Our African partners in water ‘software’ have arrived

We welcome Dickens Kamugisha (AFIEGO), Sena Alouka (JVE Togo), Christian Hounkannou (JVE Benin), Ken Kinney (The Development Institute), Robert Kugonza (NAPE), Serah Munguti (Nature Kenya), Halinishi Yusuf (ELCI) and Abby Onencan (Nile Basin Discourse). They have all been working on participatory watermanagement in the countries they come from, and we've invited them to come to the Netherlands to see how they can join forces. 

Water stress

Water is scarce, globally one out of every six people have no adequate access to clean water. Water stress increases in Africa, driven by climate change and rising demand from economic development. The Netherlands is a top exporter of technical water engineering; we export dredging, dam- and port construction and make billions of profit.

 

The all important ‘software’

Together with our partners, Both ENDS exports beyond this engineering. After all, water stress cannot be solved by using the ‘hardware’ alone. The ‘software’ is just as important: how to share water in a fair way with all parties involved, how to arrange water management, and how to keep water clean accessible and available for everyone, now and in the future.

 

Lunch

On Wednesday the 5th of february we have lunch at the Ministery of Foreign Affairs in the Hague. Two of our partners will present their cases to a selected audience of more than fifty interested and influential guests.

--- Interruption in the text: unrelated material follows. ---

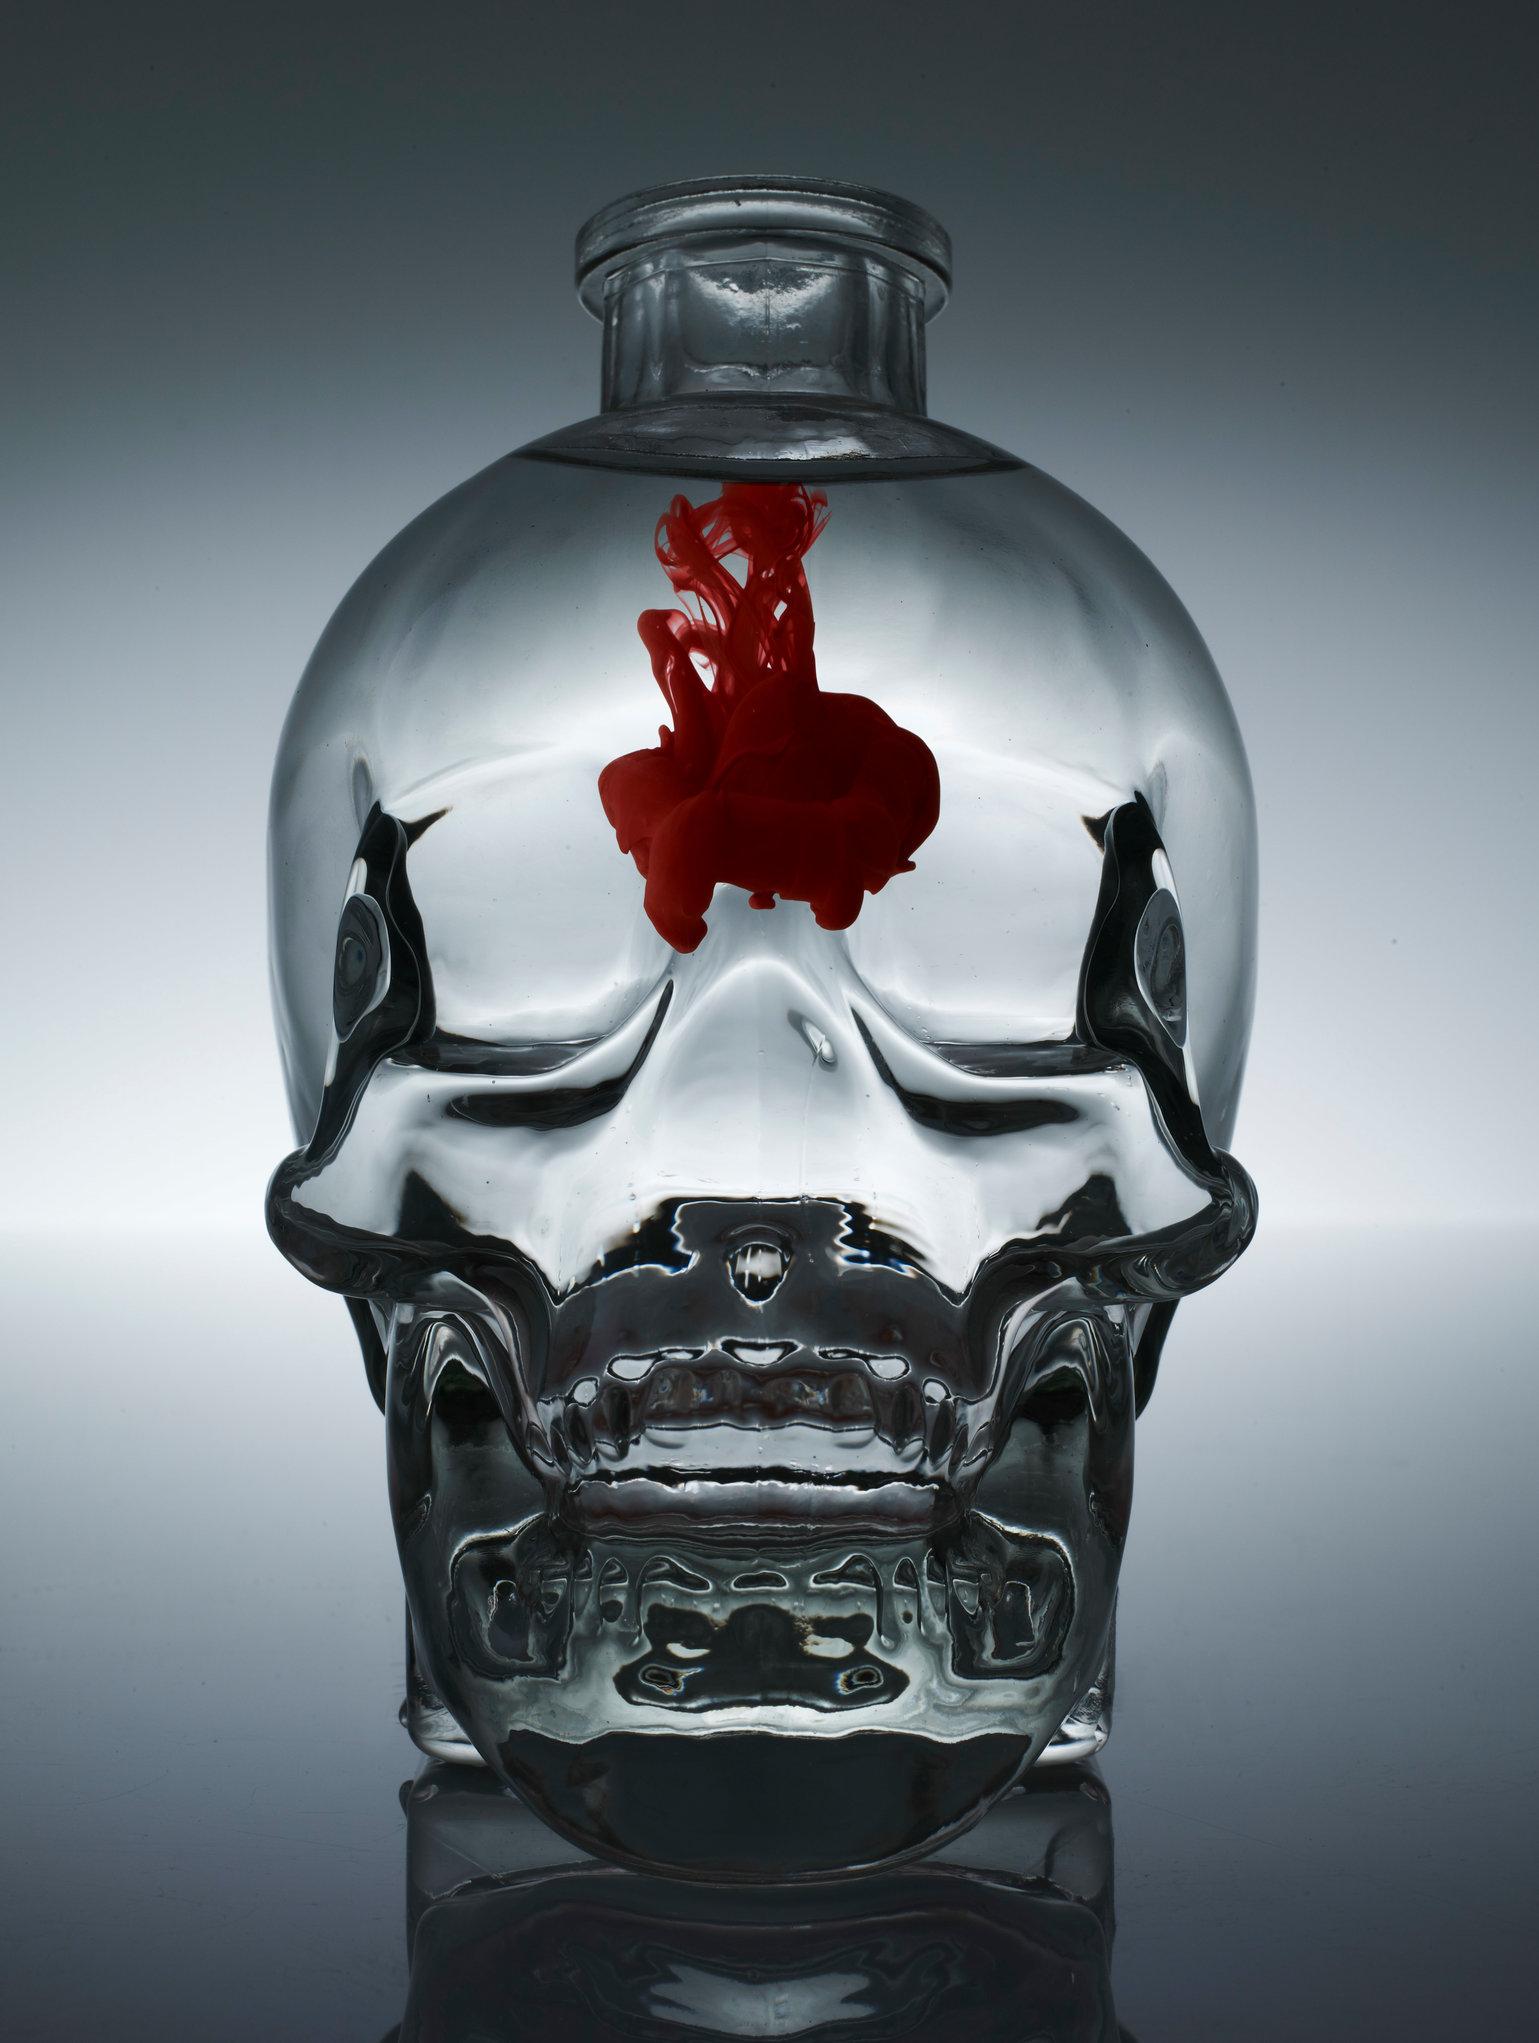 glassskull 20542 copy.jpg
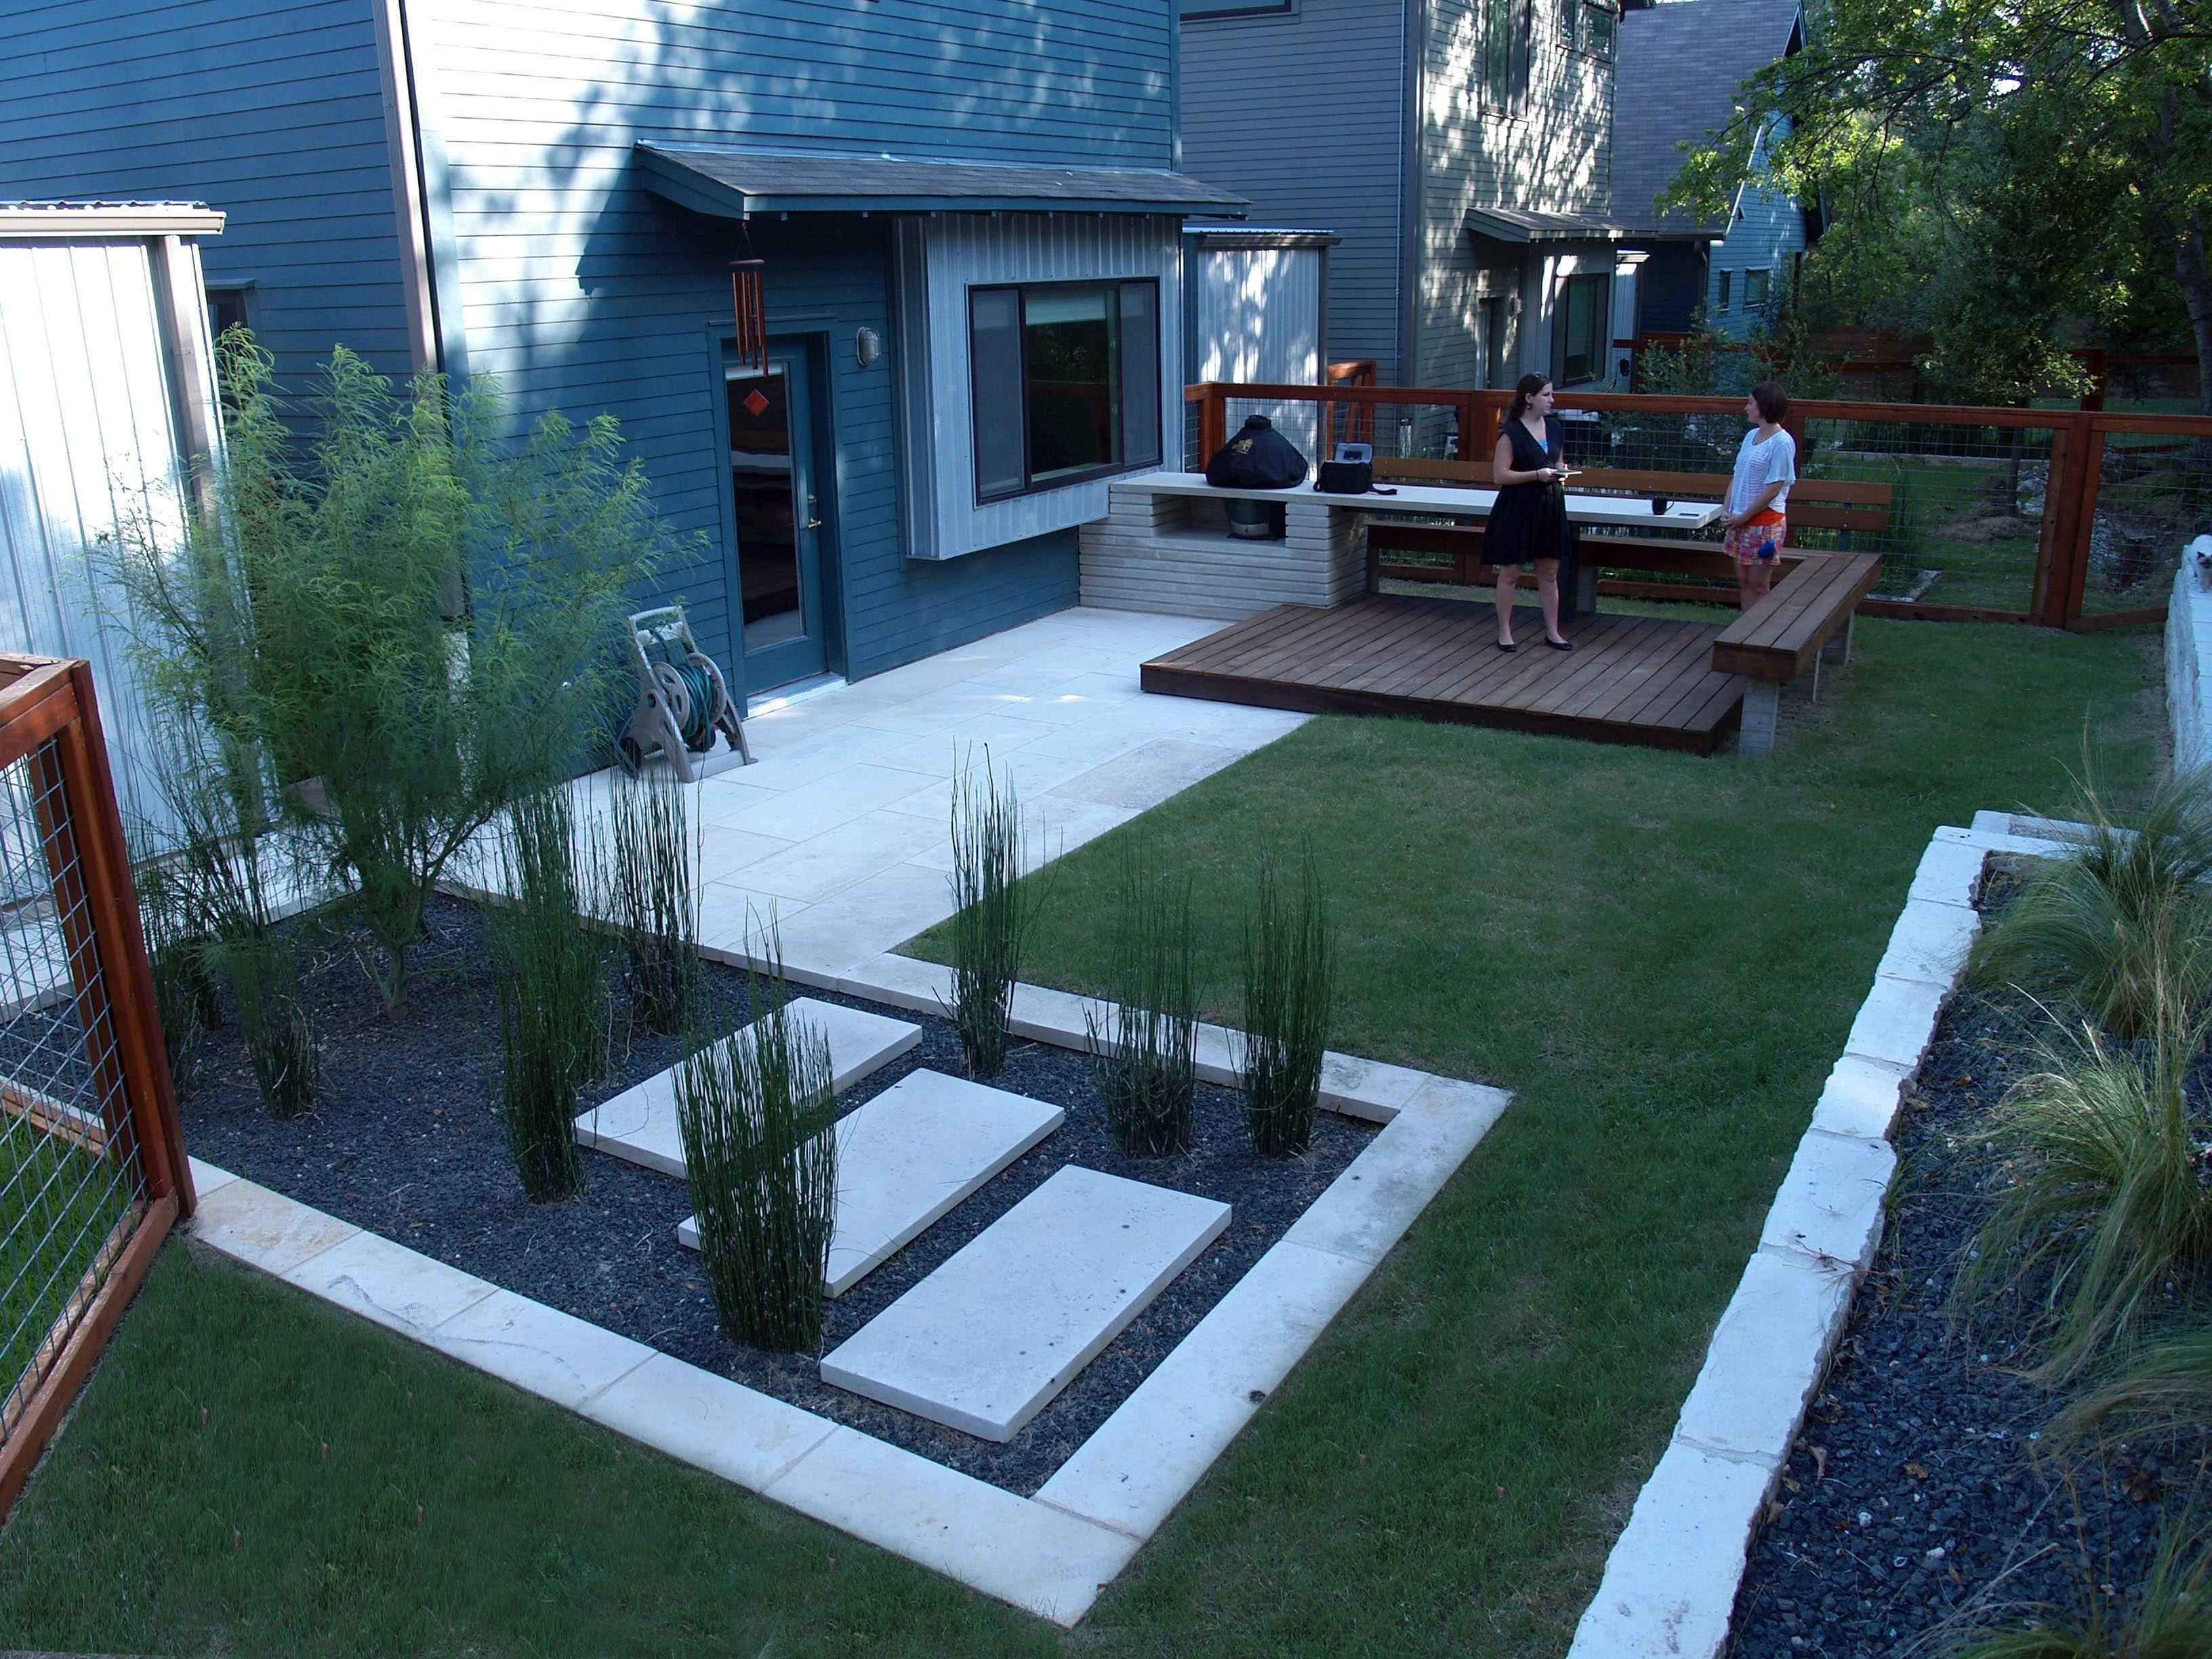 Marvelous 24 Marvelous Simple Backyard Landscaping Ideas ... on Modern Boma Ideas  id=17927

We have put the all the cases of our partners in a handout.

 

Africa on the IJssel
Thursday the 6th we go on a field trip to a Dutch water surplus area of the river IJssel near Zutphen, where the Dutch "polder" way of water management can be illustrated. The magic words in a good approach are participation, negotiation and compensation, which are crucial in dealing with the fair management of water and allocation of land use. Together we call this the 'Negotiated Approach’.